5 React Architecture Best Practices for 2021

The Original Article can be found on https://www.sitepoint.com

There can be no doubt that React has revolutionized the way we build user interfaces. It’s easy to learn and greatly facilitates creating reusable components that offer your site a consistent look and feel.

However, as React only takes care of the view layer of an application, it doesn’t enforce any specific architecture (such as MVC or MVVM). This can make it difficult to keep your codebase organized as your React project grows.

At 9elements, one of our flagship products is PhotoEditorSDK — a fully customizable photo editor that easily integrates into your HTML5, iOS or Android app. PhotoEditorSDK is a large-scale React app aimed at developers. It requires high performance, small builds, and needs to be very flexible with regards to styling and especially theming.

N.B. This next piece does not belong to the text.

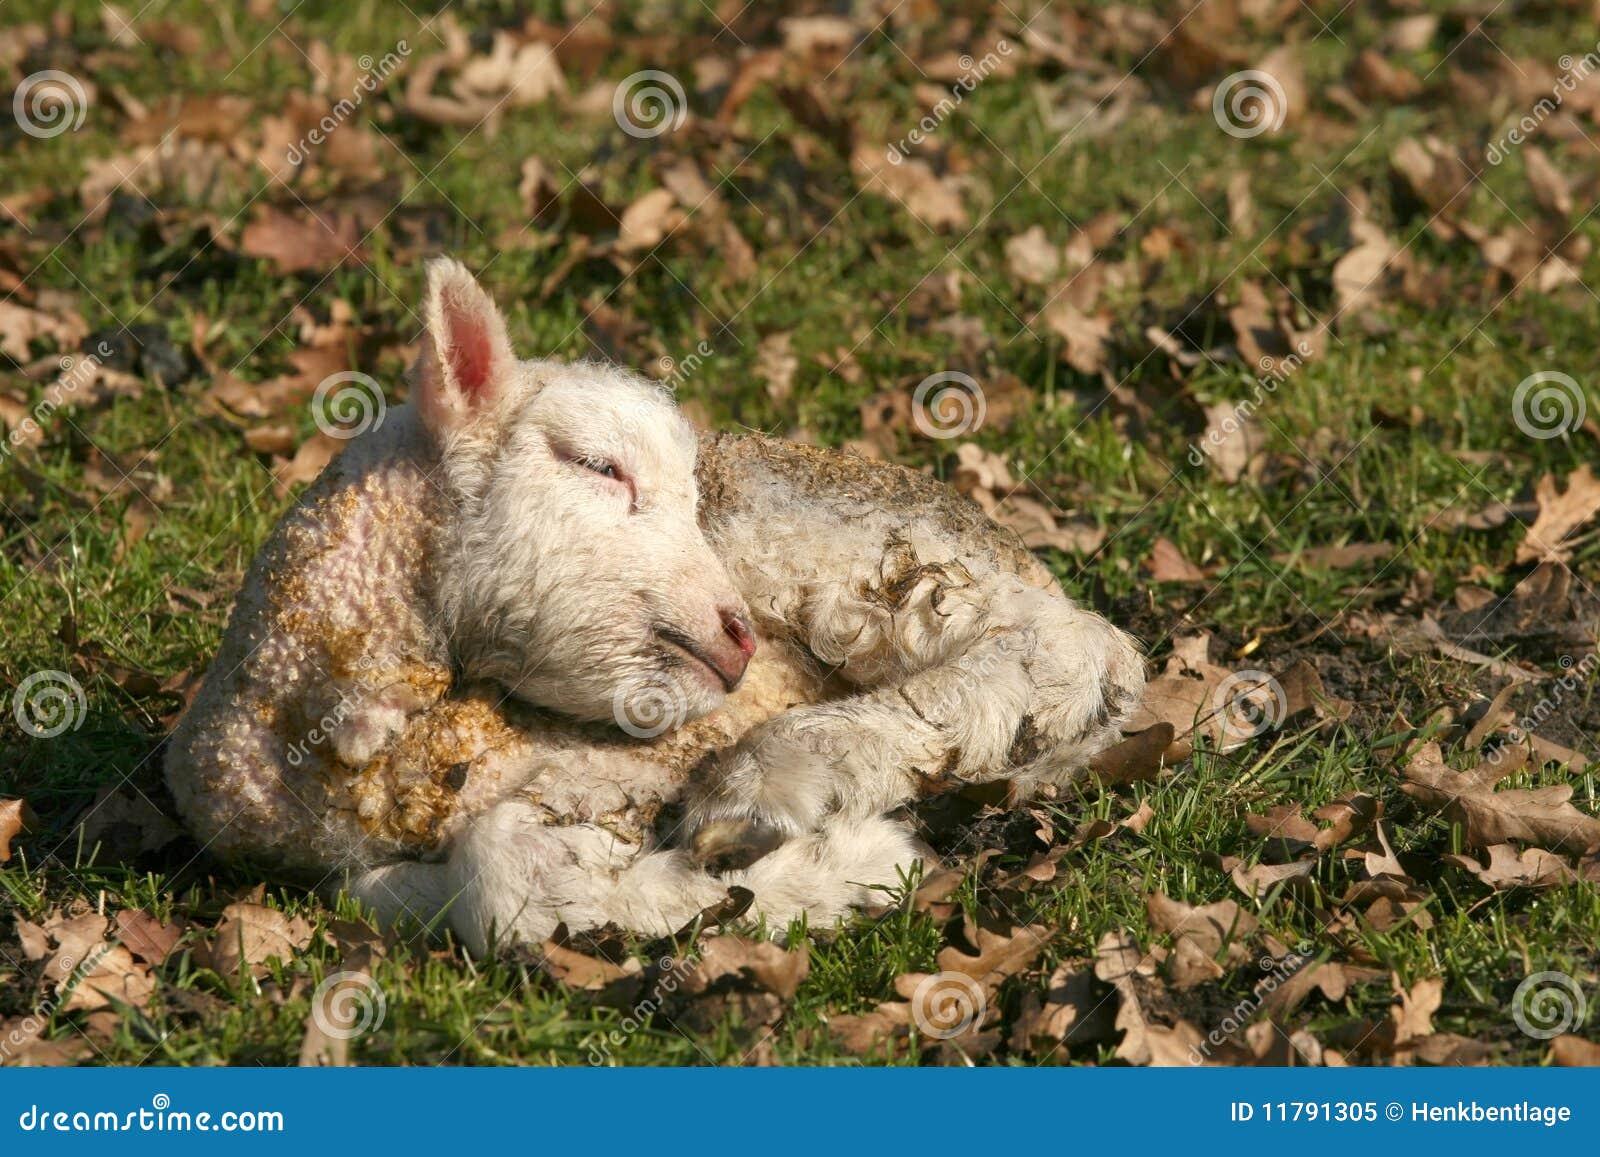 Newborn Lamb Sleeping Royalty Free Stock Photo - Image: 11791305
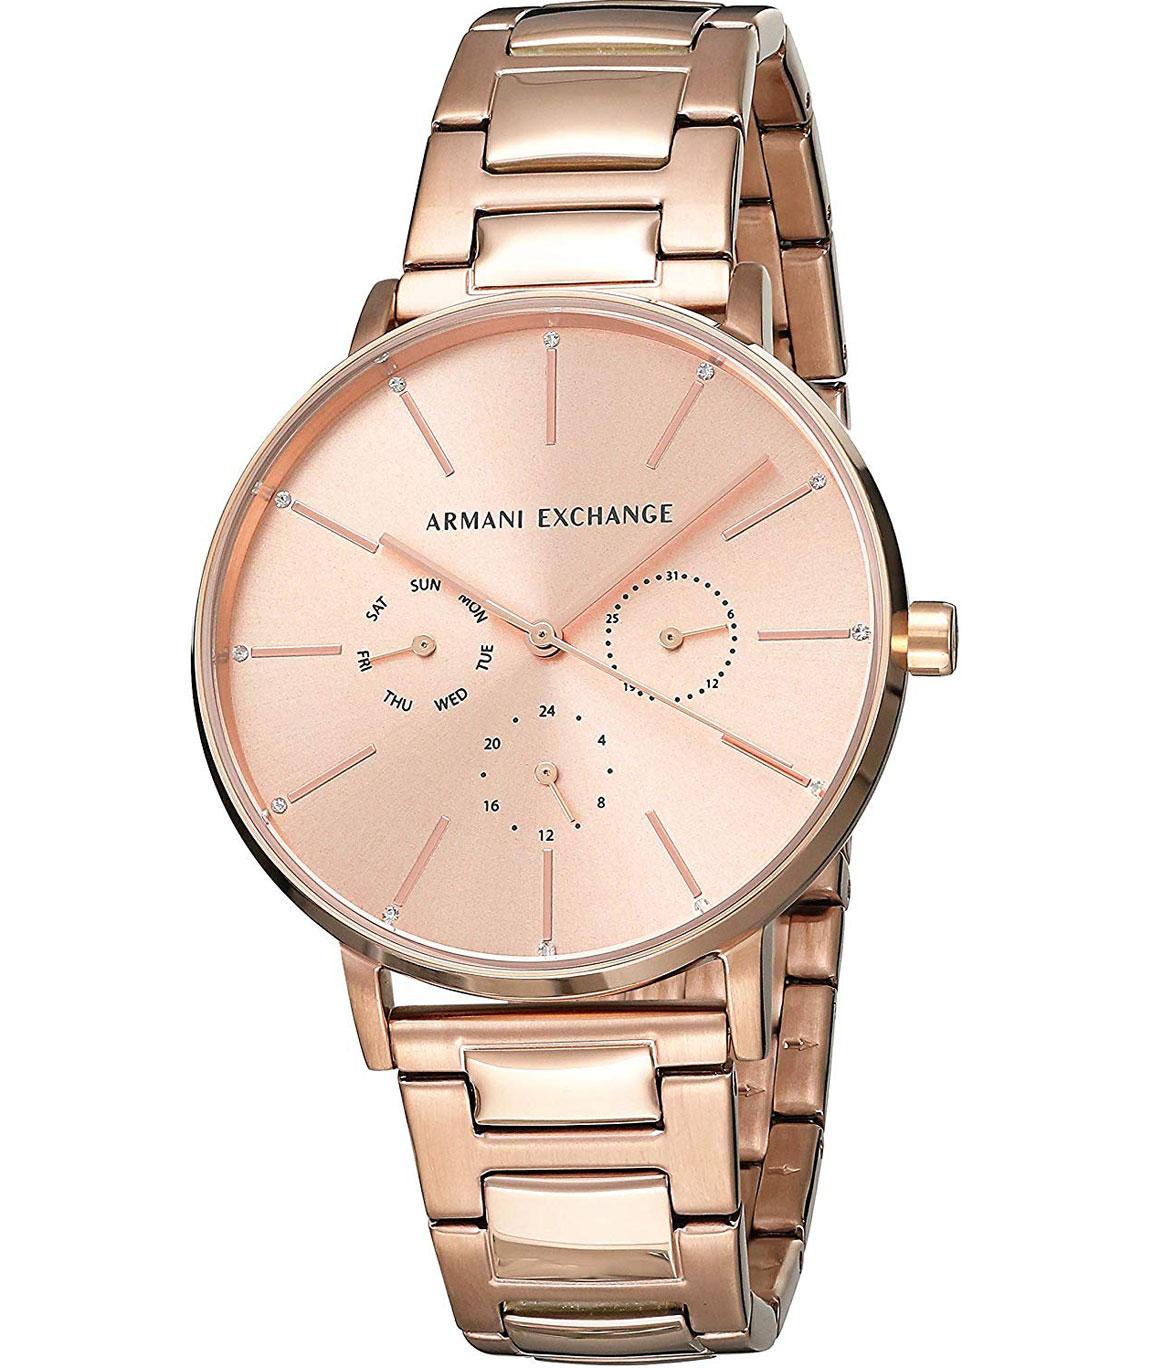 Armani Exchange Lola Analog Gold Dial Women`s Watch

Throughout the many iterations of PhotoEditorSDK, my team and I have picked up a number of best practices for organizing a large React app, some of which we’d like to share with you in this article.

• Directory Layout
• CSS in JavaScript
• Custom Hooks
• Function as Children
• Render Props

---

1. Directory Layout

Originally, the styling and the code for our components were separated. All styles lived in a shared CSS file (we use SCSS for preprocessing). The actual component (in this case FilterSlider), was decoupled from the styles:

├── components
│   └── FilterSlider
│       ├──  __tests__
│       │   └── FilterSlider-test.js
│       └── FilterSlider.jsx
└── styles
    └── photo-editor-sdk.scss

Over multiple refactorings, we found that this approach didn’t scale very well. In the future, our components would need to be shared between multiple internal projects, like the SDK and an experimental text tool we’re currently developing. So we switched to a component-centric file layout:

components
    └── FilterSlider
        ├── __tests__
        │   └── FilterSlider-test.js
        ├── FilterSlider.jsx
        └── FilterSlider.scss

The idea was that all the code that belongs to a component (such as JavaScript, CSS, assets, tests) is located in a single folder. This makes it very easy to extract the code into an npm module or, in case you’re in a hurry, to simply share the folder with another project.

Importing components

One of the drawbacks of this directory structure is that importing components requires you to import the fully qualified path, like so:

import FilterSlider from 'components/FilterSlider/FilterSlider'

But what we’d really like to write is this:

import FilterSlider from 'components/FilterSlider'

To solve this problem, you can create an index.js and immediately export the default:

export { default } from './FilterSlider';

Another solution is a little bit more extensive, but it uses a Node.js standard resolving mechanism, making it rock solid and future-proof. All we do is add a package.json file to the file structure:

components
    └── FilterSlider
        ├── __tests__
        │   └── FilterSlider-test.js
        ├── FilterSlider.jsx
        ├── FilterSlider.scss
        └── package.json

And within package.json, we use the main property to set our entry point to the component, like so:

{
  "main": "FilterSlider.jsx"
}

With that addition, we can import a component like this:

import FilterSlider from 'components/FilterSlider'

2. CSS in JavaScript

Styling, and especially theming, has always been a bit of a problem. As mentioned above, in our first iteration of the app we had a big CSS (SCSS) file, in which all of our classes lived. To avoid name collisions, we used a global prefix and followed the BEM conventions to craft CSS rule names. When our application grew, this approach didn’t scale very well, so we searched for a replacement. First we evaluated CSS modules, but at that time they had some performance issues. Also, extracting the CSS via webpack’s Extract Text plugin didn’t work that well (although it should be OK at the time of writing). Additionally, this approach created a heavy dependency on webpack and made testing quite difficult.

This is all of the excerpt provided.